С трудом приподнявшись на локтях и оглядевшись по сторонам, я увидел, что вода льётся из зеркала, как из отверстия пожарного шланга.

— Ты что наделал? Прекрати немедленно! Лизавета очень боится воды.

— Жаба и воды боится? — сострил я из последних сил. — Неужели после ядерной зимы был потоп?

— Именно, — без тени улыбки заявил колдун. — В той версии истории, которую помнит она, так и было. Гигантская волна цунами прошла от северных морей до малоросских степей.

Даже если бы я и сопереживал Лизавете Марковне, то поделать все равно ничего не мог. Вода била из зеркала ключом, оно стало тяжелым, как диск от штанги и скользким — я даже поднять его не смог. Постепенно вода прибывала, залила весь пол, и мне пришлось залезть с ногами на стол с макетом.

Валентин визжал что-то нехорошее по моему адресу и адресу всех моих родственников, вокруг стола плавали вещи и поднос с Лизаветой Марковной. Поднос кружило и жабу, кажется, сильно мутило.
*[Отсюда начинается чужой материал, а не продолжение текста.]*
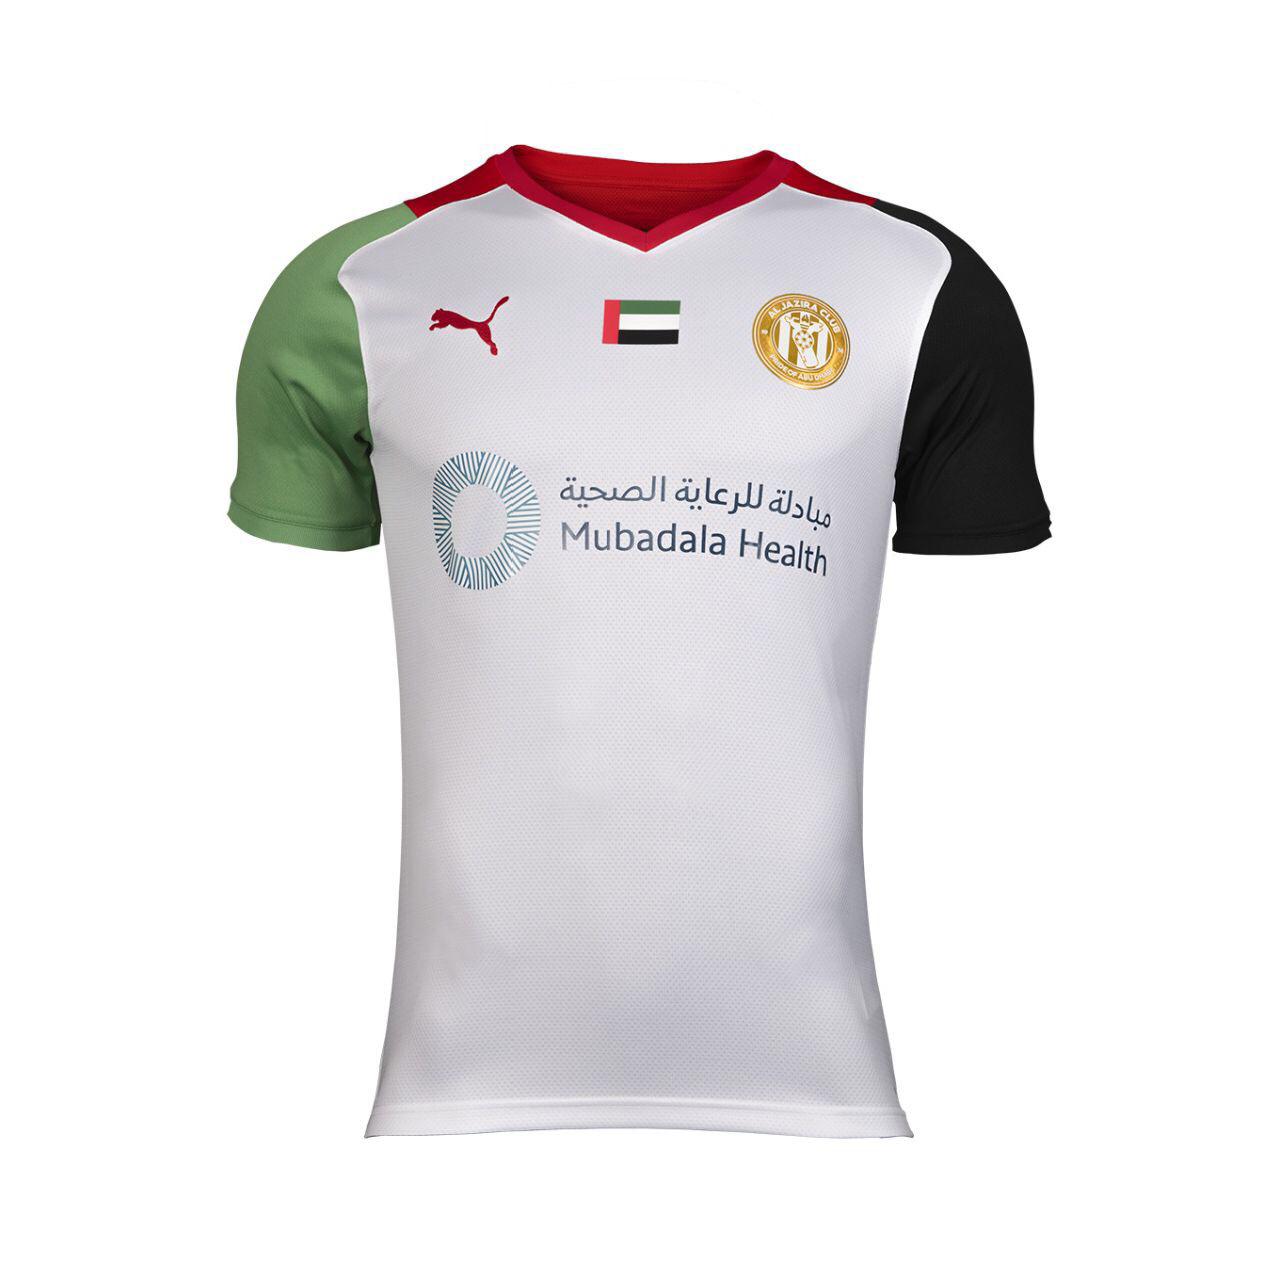 Al Jazira Club Official third kit

Несколько раз почудилось, что над поверхностью воды мелькнули большие рыбьи хвосты, а потом меня накрыло волной. Мне показалось, что хранилище перевернулось, но на самом деле перевернулся я. Мощным потоком меня вынесло по желобу наружу. Я не утонул и не убился насмерть об деревья, и не напоролся на коряги только благодаря тому, что всякий раз, когда казалось, мне грозила неминуемая гибель, меня бережно подхватывали чьи-то заботливые сильные руки. Потом у меня перед носом всплыл то ли кейс, то ли чемодан из пробкового дерева, я вцепился в него, перевел дыхание и понял, что плаваю в озере, довольно далеко от берега.

Вода, принесшая меня в котлован озера Зеркального, заполнила его и успокоилась. Небо над озером затянули тучи, сверкали красные молнии, но грома я не слышал. Что-то мягко ударило в плечо. Это был поднос с Лизаветой Марковной, она сидела в нём тихая, задумчивая.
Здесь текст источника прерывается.